I have to agree with pp, you are already spoiling him and now you have to deal with his level of expectation.

Cookit · 19/06/2019 09:12

Did he open / discover his bike in the morning too? Surely he’d have been thrilled with that?

And you spent £280 on him?

Goodlookingcreature · 19/06/2019 09:12

I don’t think it’s a particularly nice trait in anybody to have that level of expectation.

SleepingStandingUp · 19/06/2019 09:12

I you mke it clear that a big party would come out of his birthday present money essentially, and that there's £100 for a bike sitting the side? £300 is plenty to be spending on a birthday, and you said he had sinlblings so even if just three kids that's nearly a grand a year on birthdays.

MarthasGinYard · 19/06/2019 09:12

'He has got up this morning and looked gutted, he was trying hard not to cry'

New Bike, gifts and a party where he will undoubtedly get another pile of gifts.

I'd be having a chat with him TBH

YABU

Sandybval · 19/06/2019 09:13

Woah, we didn't get much when we were younger as our parents couldn't afford it- but they were always thoughtful and much loved presents. You don't need to spoil a child money wise, even though £300 is a lot for a birthday anyway! Maybe teach him some gratitude.

Cookit · 19/06/2019 09:13

Oh wait, he doesn’t have the bike yet. Given his age I think it would have been better to get the bike already.

Snog · 19/06/2019 09:13

Why not find a second hand bike on gumtree? New bikes for kids are a bit pointless as they outgrow them so quickly.

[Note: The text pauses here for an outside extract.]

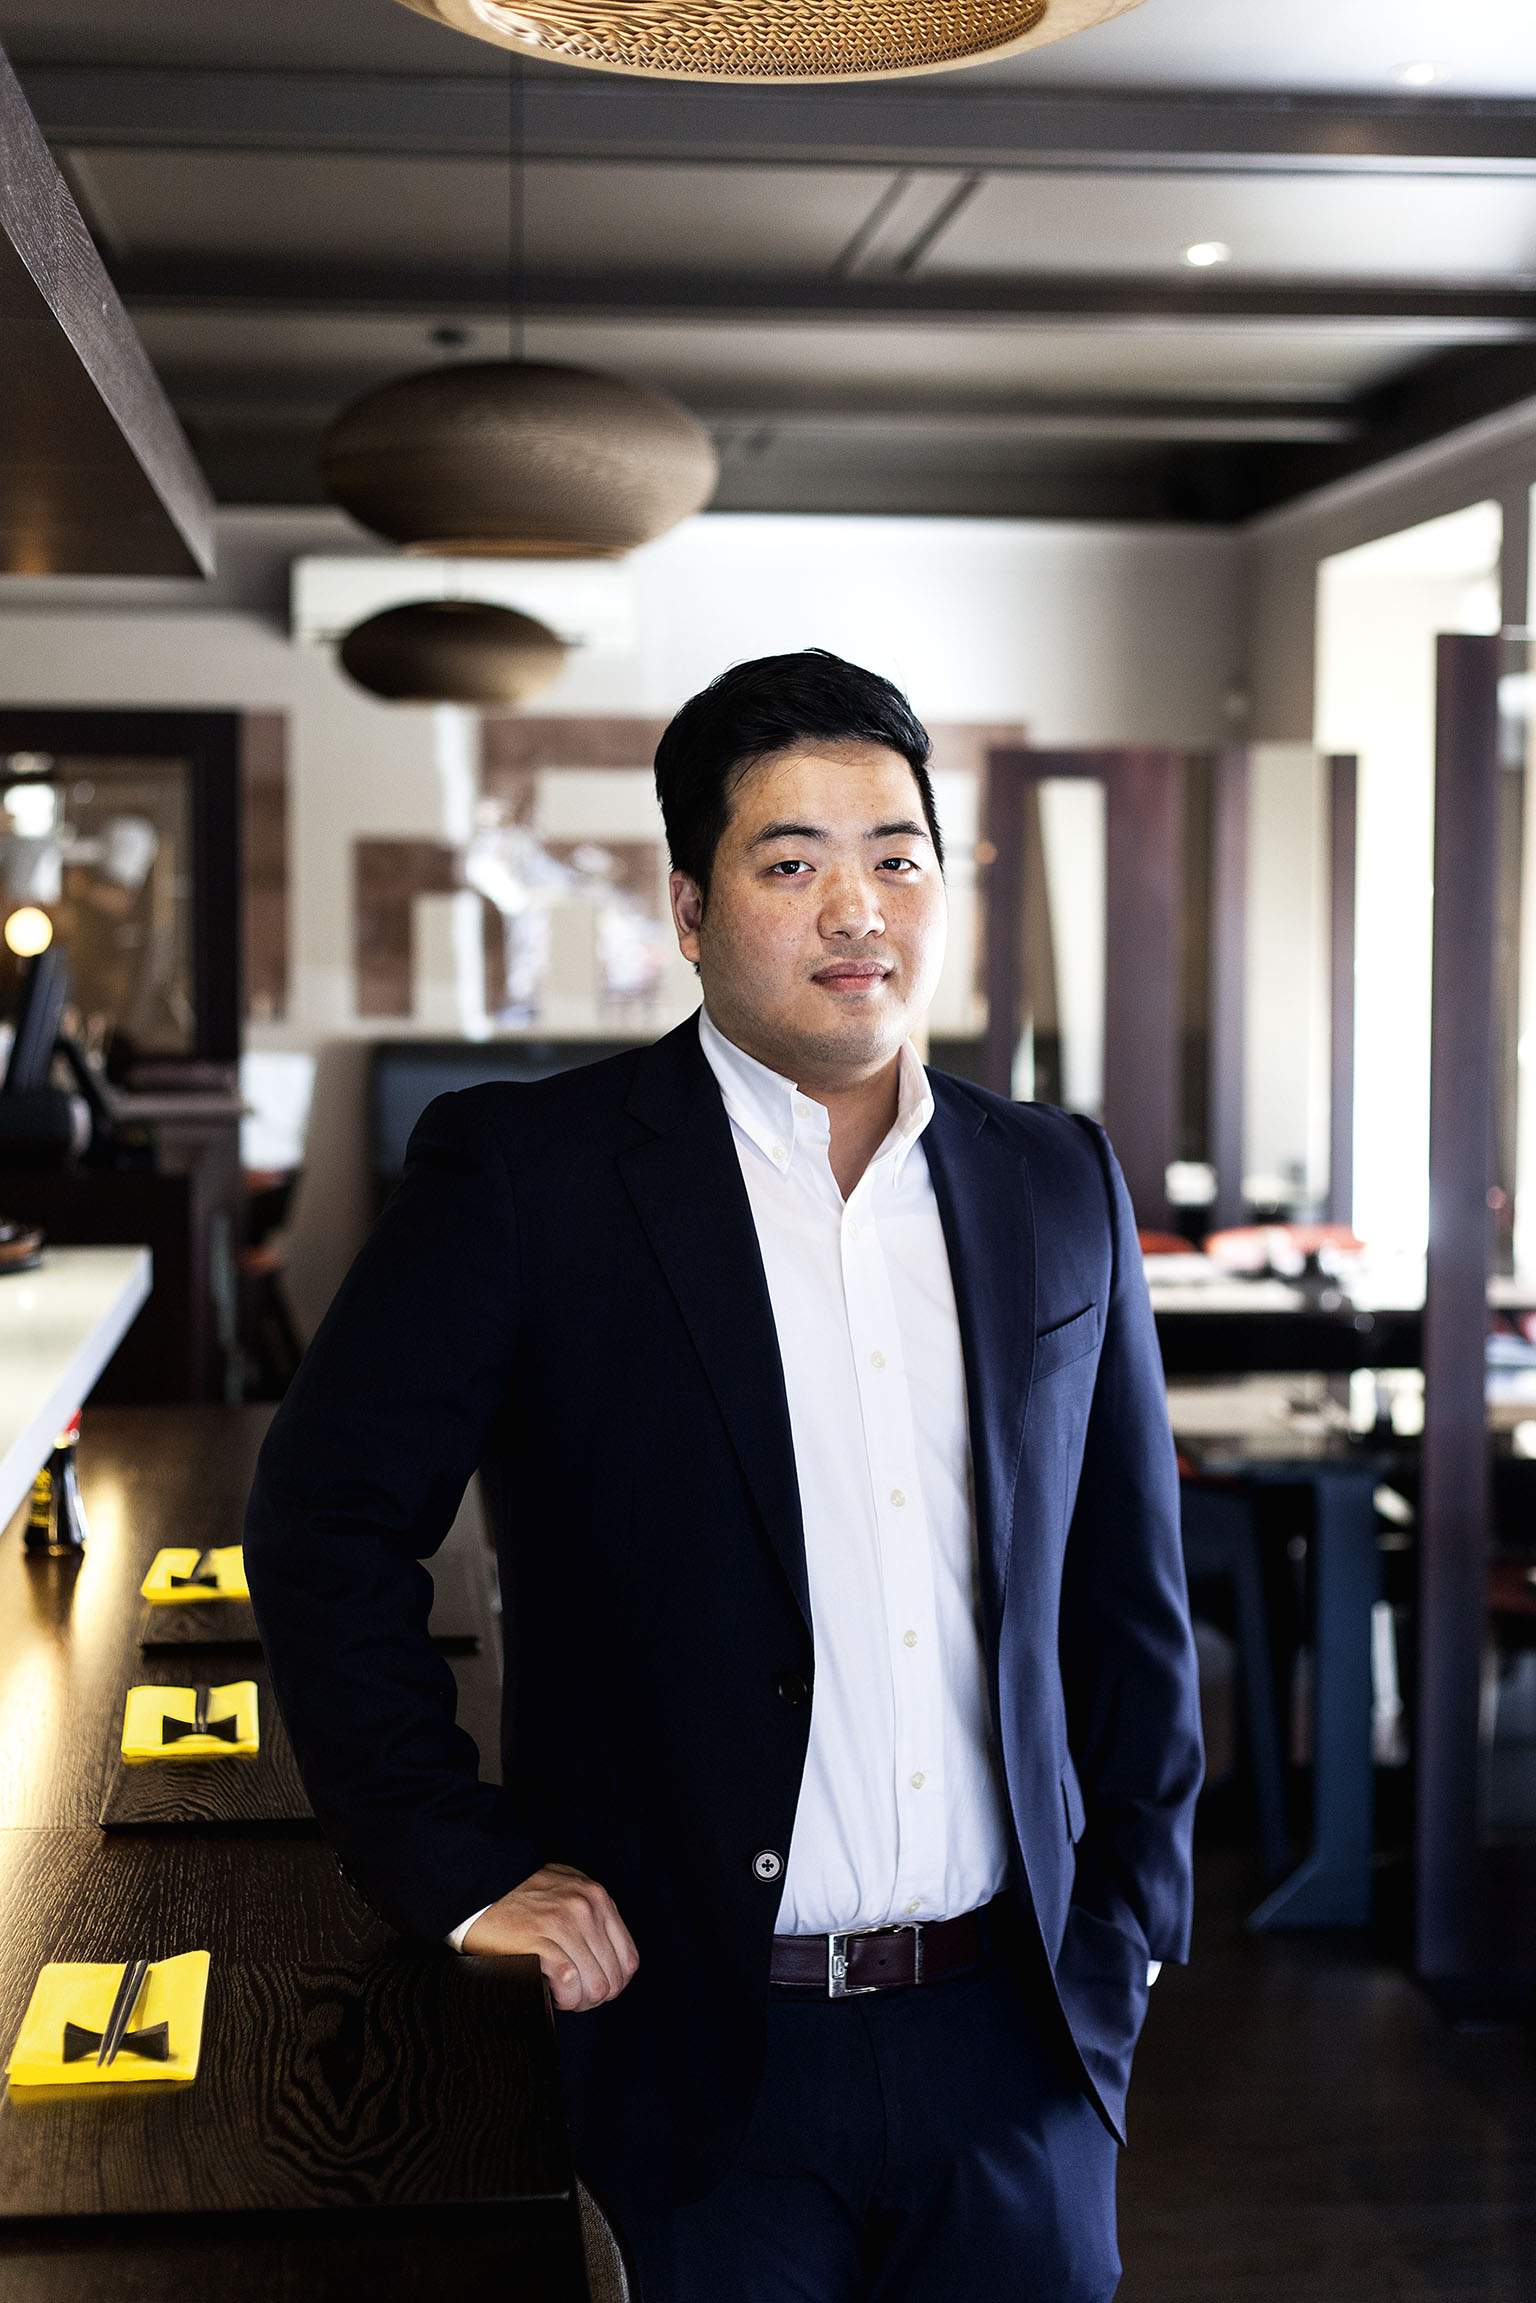 Devětadvacetiletý Euntaek Kim, který šéfuje restauraci Hanil. Vedení převzal po rodičích, podnik dostal nový design.

CherryPavlova · 19/06/2019 09:14

I’m afraid the term rod and back come to mind. We all want to indulge our children but to set unrealistic expectations in an eight year old and to have his happiness set on the number of presents is actually unkind in the longer run.
Birthday or no birthday tell him to stop sulking and start being excited about his party. Don’t indulge his disappointment; its rudeness.

Cookit · 19/06/2019 09:14

And what would you count as “spoiling”? £500? £1000?

We can afford to “spoil” but I would hate to spend that kind of money on a birthday!

CripsSandwiches · 19/06/2019 09:15

I don't think he's spoiled. He's 8 and he sees his cousins getting more than him and he's disappointed (at that age your world is very small - you don't see kids living in poverty with almost nothing unless they're in your social circle). The fact that he's not kicking up a fuss shows you've raised a nice, considerate young man.

I know exactly what you mean OP. As parents it's great when we can see our kid's face when they open the gift that's exactly what they want but I think that's more about us than them. You'd actually be doing him a disservice by just buying him everything he wants. He'll have a great time at his party (and remember it far longer than he would a huge pile of presents) and he'll know that life is full of compromises. You can have a bike or a big party but not both. He'll find life easier for learning these lessons now.

Claw01 · 19/06/2019 09:16

Why did he wake up expecting loads of presents?

Does he usually wake up to loads of presents on his birthday?

Did you explain the party was part of his present? Did you explain he could get a bike with his birthday money?

BubblesBuddy · 19/06/2019 09:16

Perhaps you should sit down with him and cost everything out so he understands. There are huge numbers of secondhand bikes available. Just look online or go to your local tip - mine has around 50 available. Your DS sounds spoilt already to be honest. If he had known the consequences would he have chosen this party? Possibly not. Just give him the options and allow him to make informed choices in discussion with you. I assume the DC coming to the party will bring gifts?

Claw01 · 19/06/2019 09:17

And why isn’t £100 enough to buy a bike for an 8 year old?!

Magpiefeather · 19/06/2019 09:18

Agree it sounds like you’ve already spoiled him (sorry). I know it’s difficult, you do want them to have a wonderful birthday and feel special and loved, but all of those things can happen without ANY presents if need be. Try and help your boy not to compare to others . Also try not to compare with others yourself. Hope he has a great party!